• _Aim of the exercise_
Write out each line of the material exactly as given, and drop the images.

• _Stored data_

- - -

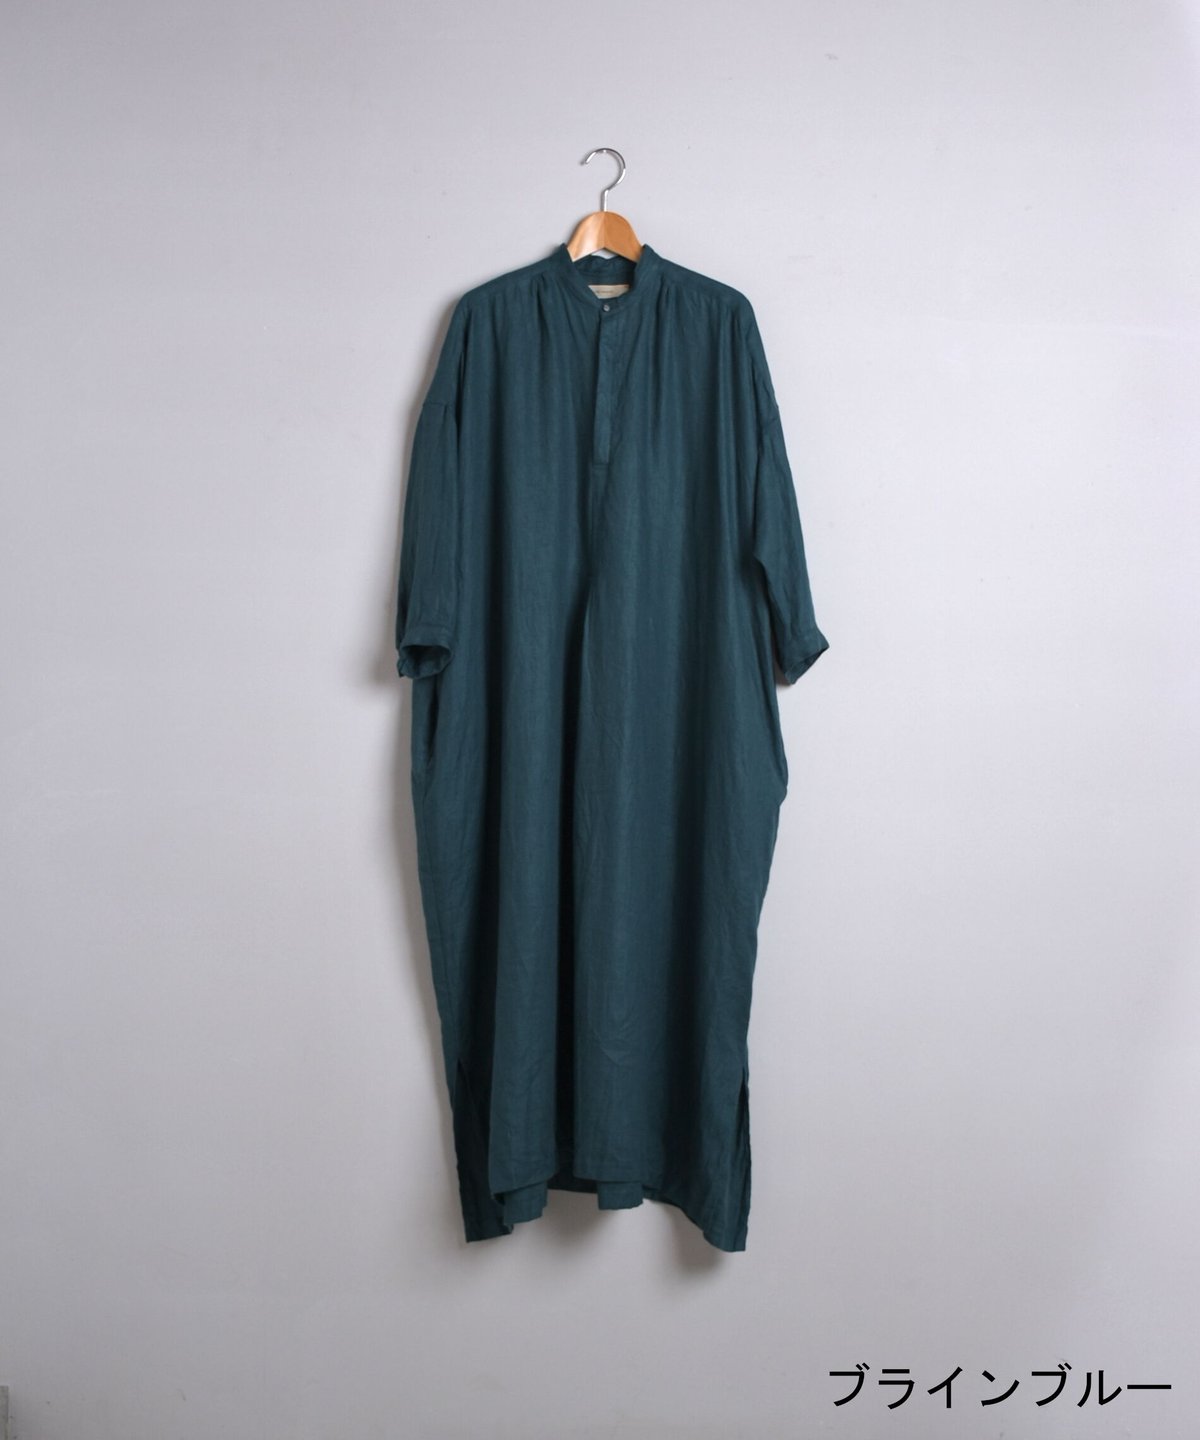 suzuki takayuki / peasant dress Ⅰ | Taine Onlin...
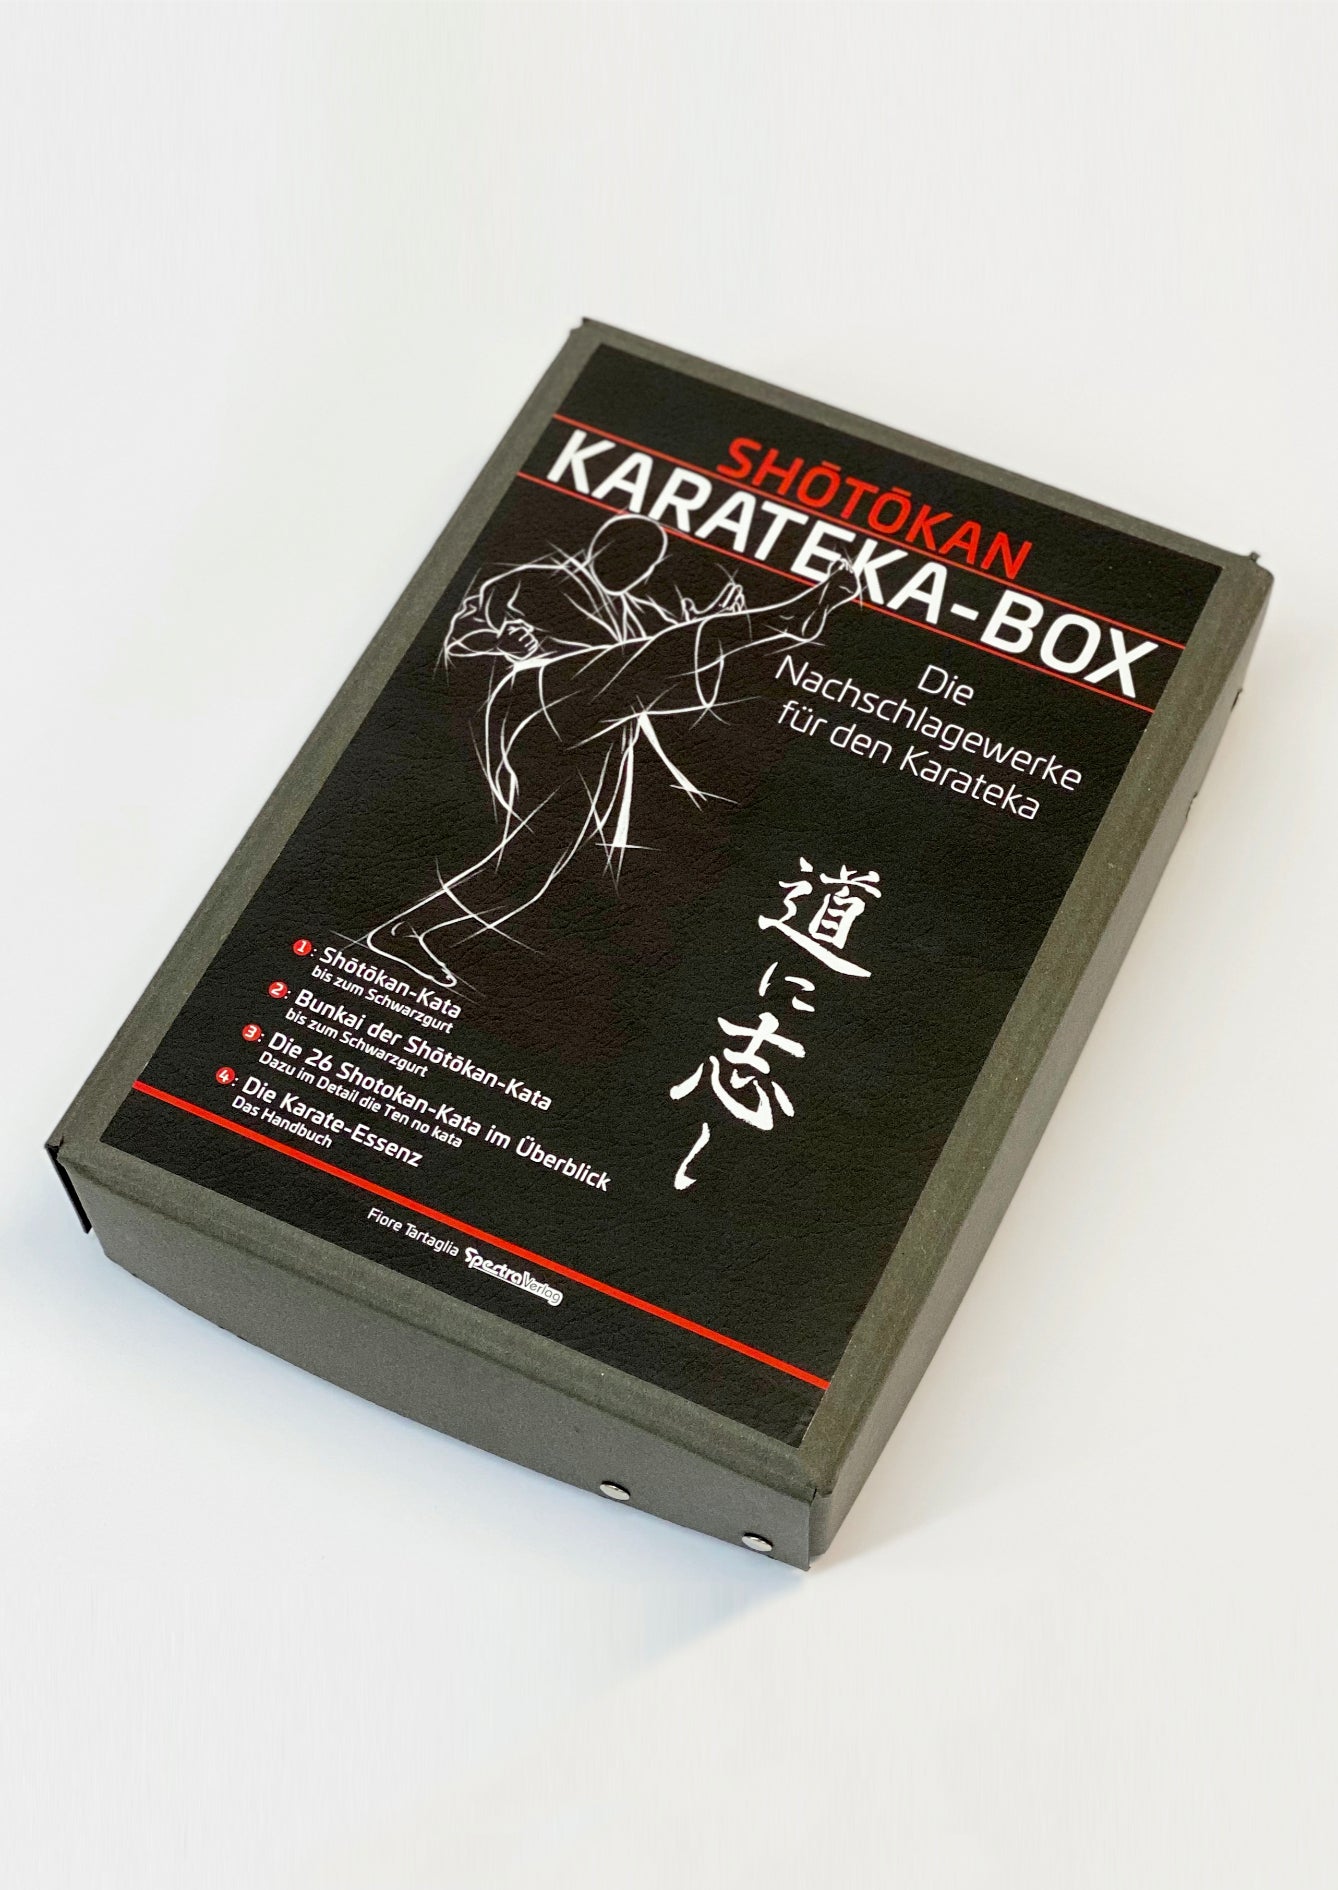 🇩🇪 Bücher-Set | Shōtōkan-Karateka-Box
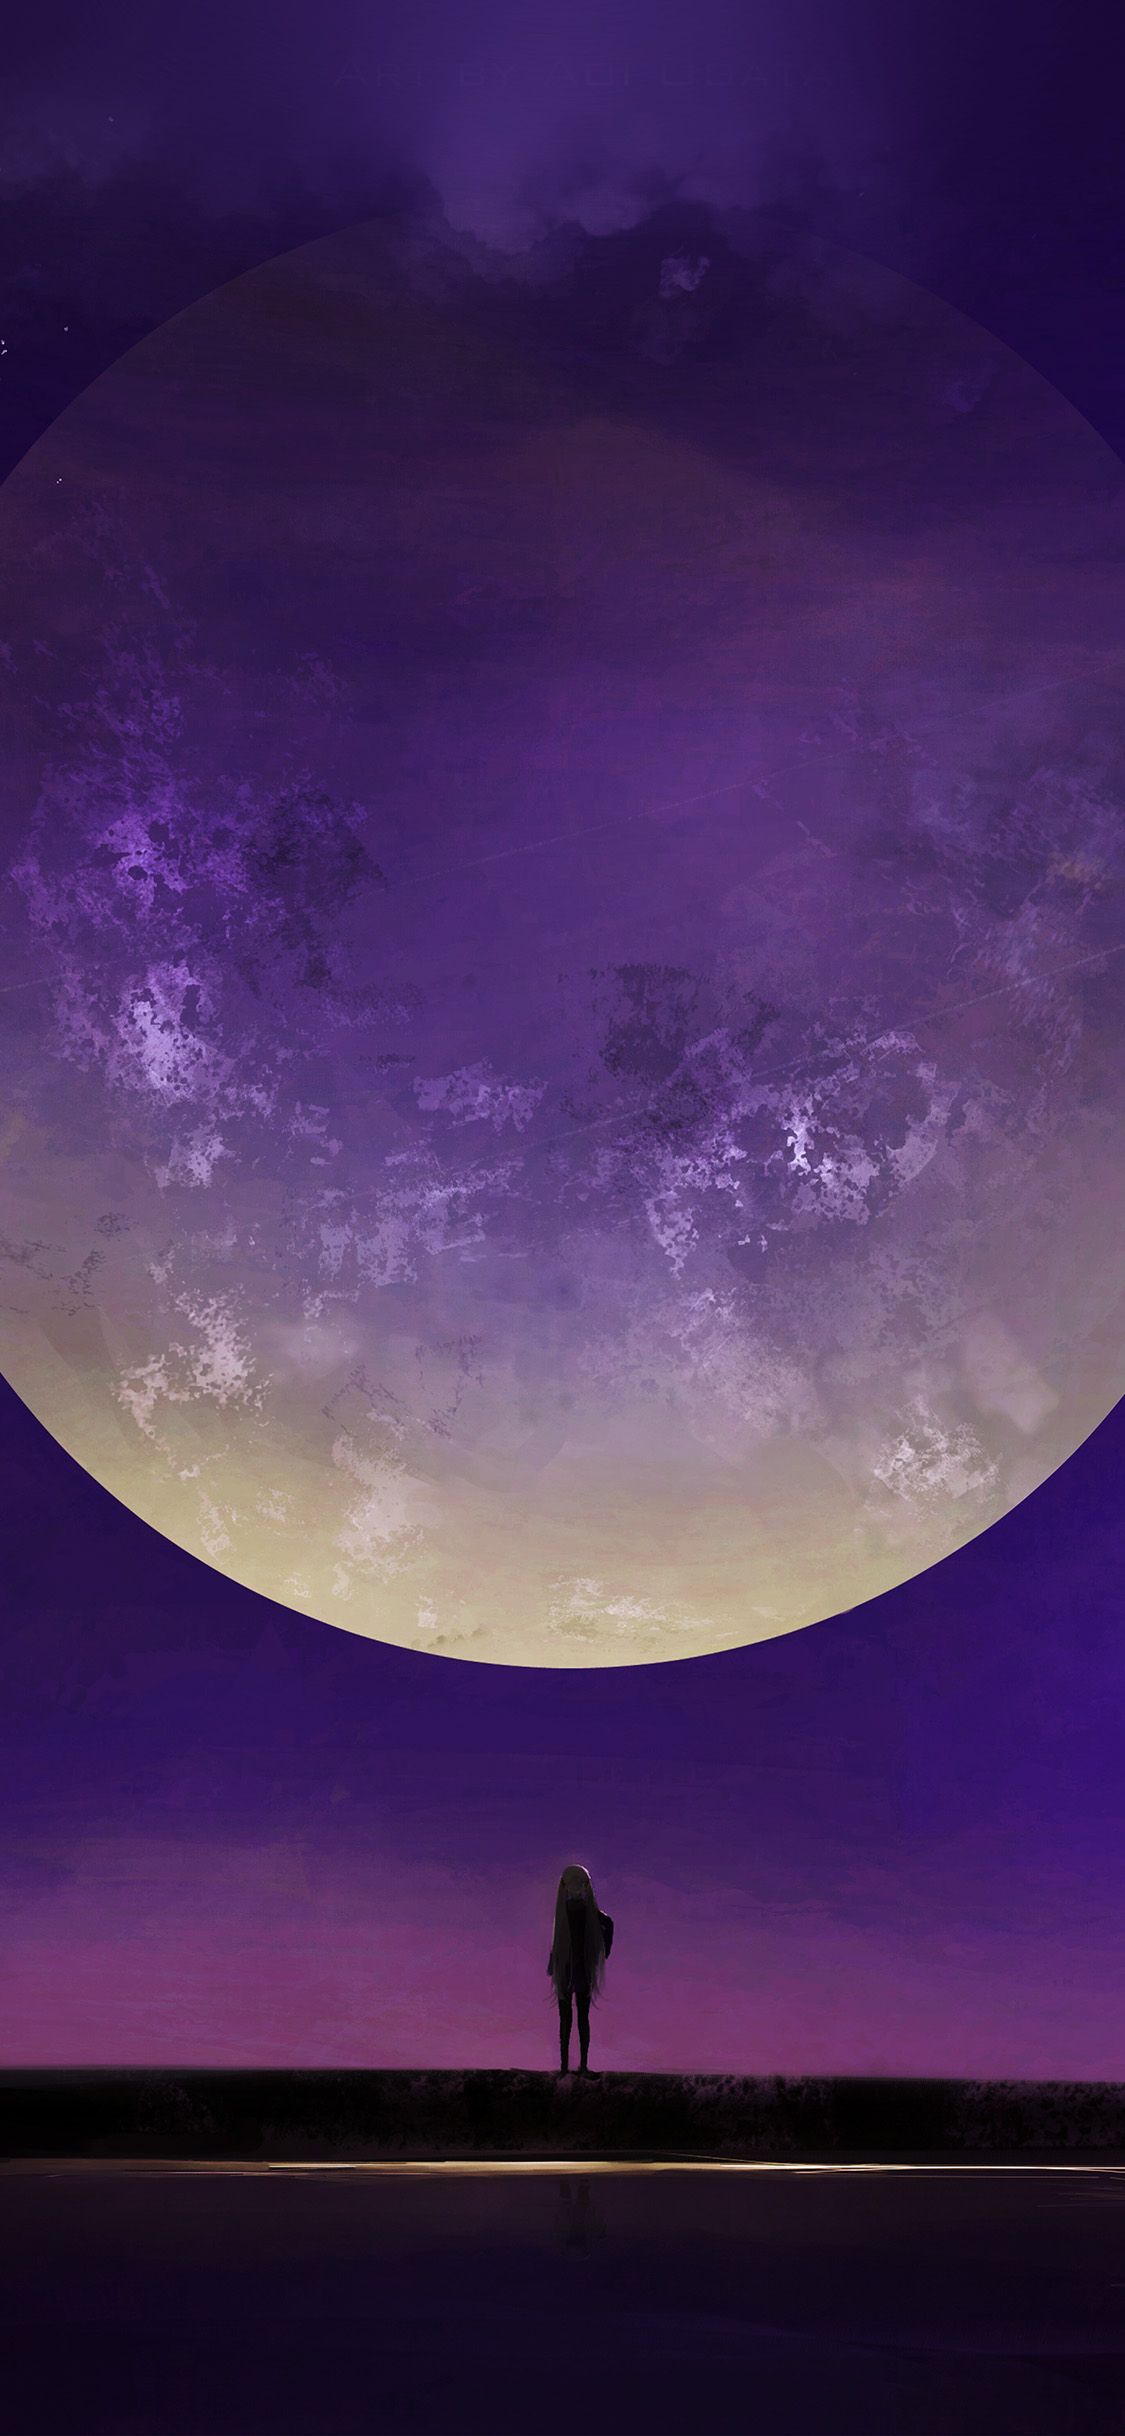 iPhone X wallpaper. moon anime night art illustration purple
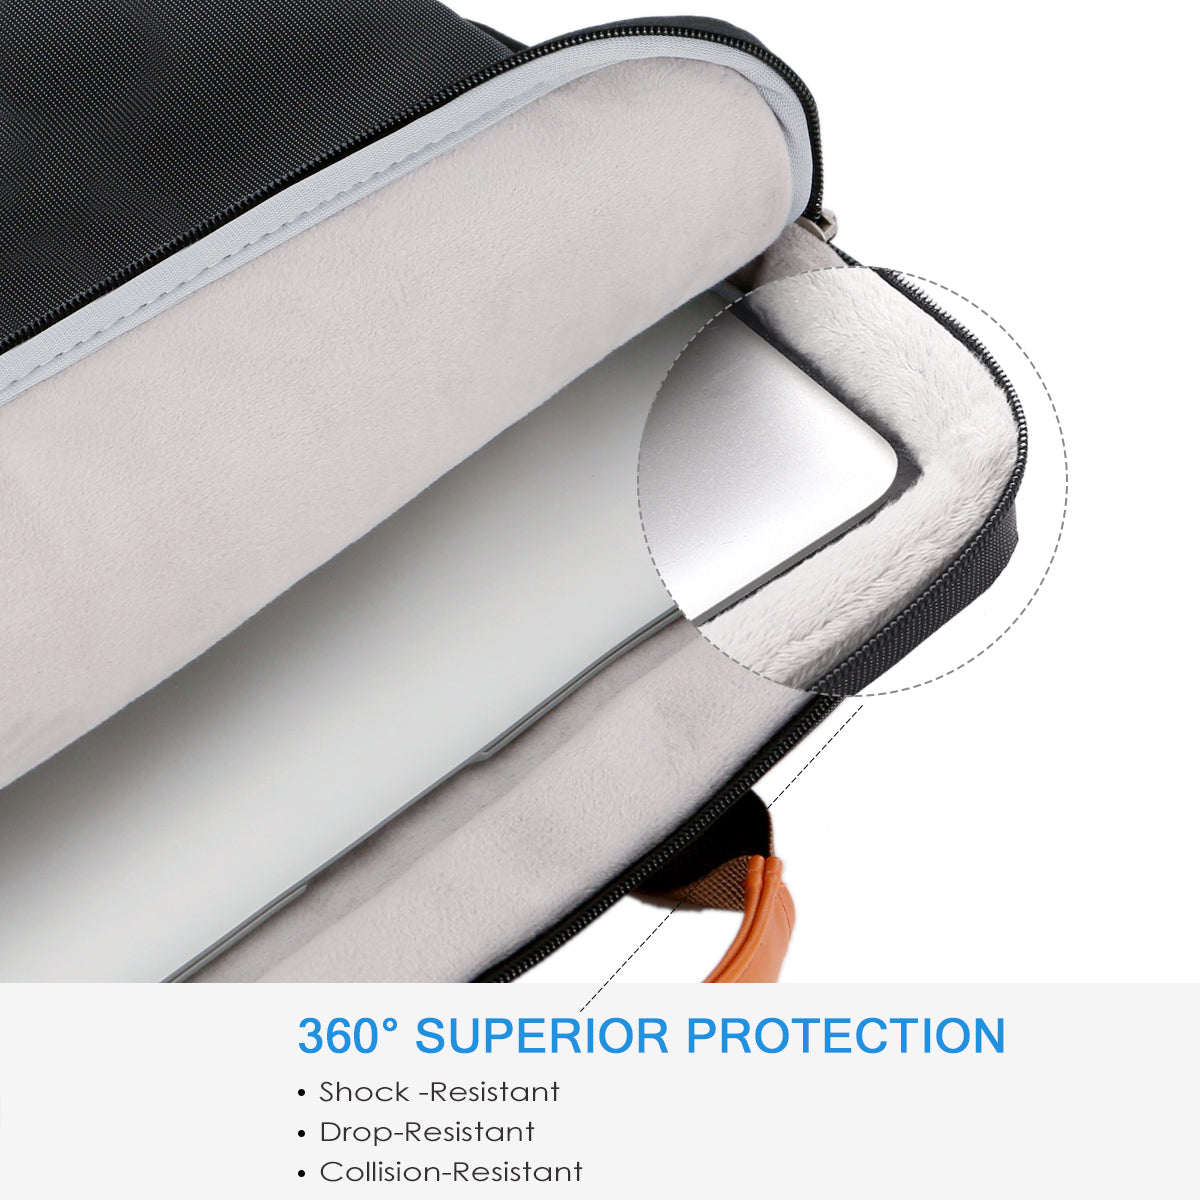 macbook pro sleeve cases

- - -

• _Answer to this exercise_
 suzuki takayuki / peasant dress Ⅰ | Taine Onlin...
 🇩🇪 Bücher-Set | Shōtōkan-Karateka-Box
 iPhone X wallpaper. moon anime night art illustration purple
 macbook pro sleeve cases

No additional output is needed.